現在龍駒在江南雖說不多見,但還是能找到幾匹的。
你如果真是世子的兵馬,那就趕緊追上去吧!
他們已經離開江州府了,準備回師洛陽了。」
……
這就是陳澈在鎮南關聽來的消息,李變面色大變,「消息屬實嗎?」
「應該屬實,這都是鎮南關守將蕭玉辰所言,他還說太陰妖族也在此次叛亂之中。
是正陽道的人跑來聯絡了太陰妖族率先作亂,就是為了讓朝廷分兵。
現在看來,齊王是和太陰妖族談成了什麼條件,這才放了太陰妖族離開,他們也好無傷的回師洛陽。」
事情確實如陳澈所猜想的,司馬詢不想損失兵馬。太陰妖族被正陽道利用,見大勢已去,也就不再想著消耗司馬詢了。
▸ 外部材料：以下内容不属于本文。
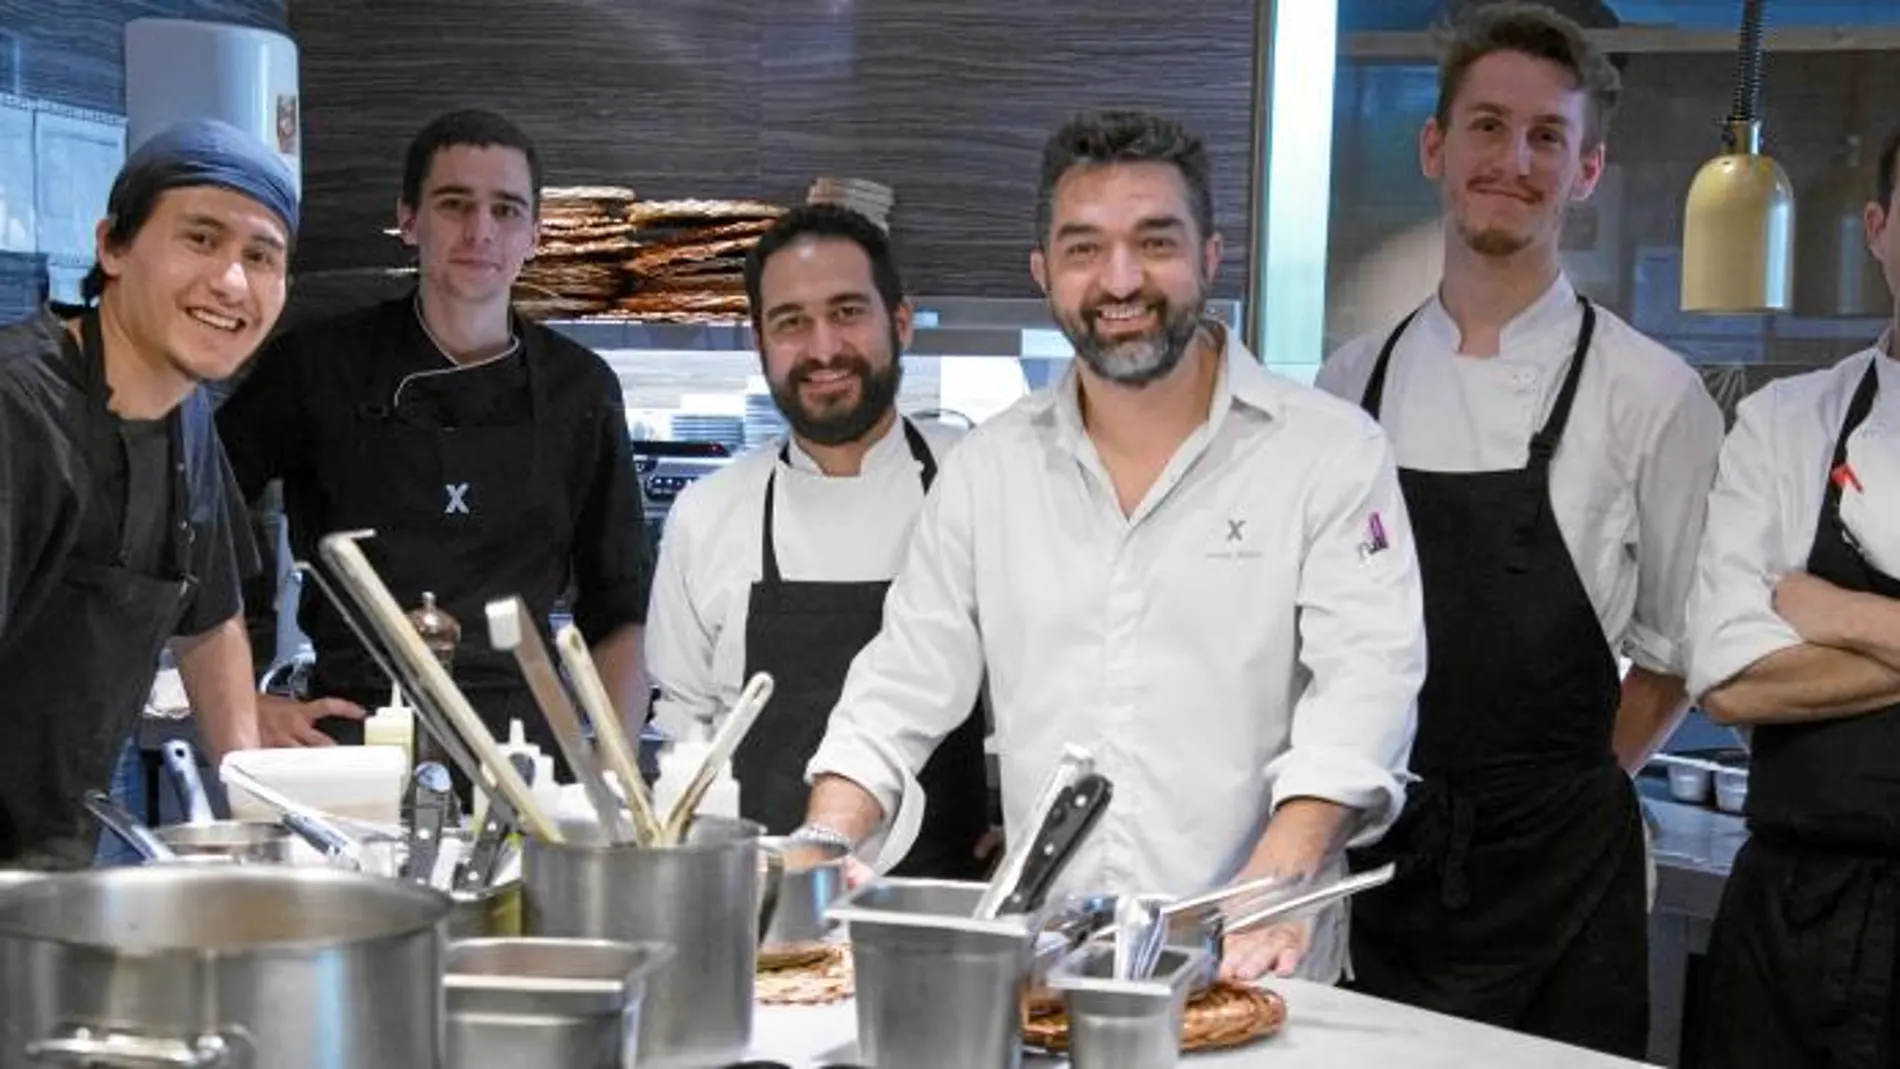 El restaurante barcelonés ofrece una propuesta innovadora que fusiona la cocina mexicana, la brasa y la dieta mediterránea.

一人一妖達成協議,司馬詢放妖族離開。而妖族,則歸還被抓走的江州百姓,皆大歡喜的結局。
當然,苦的只有平民百姓。
李變道:「我們也趕緊回師吧!」
他很擔心懷文帝安危,因為他得到了可以改變大景門閥格局的武器了。撫摸著夕王印,李變擔心道:「陛下,你可要堅持住啊!」
……
懷文帝堅不堅持的住陳澈不知,但此時的洛陽城,早靖街閉戶。全是兵馬巡查,無一人可上街走動。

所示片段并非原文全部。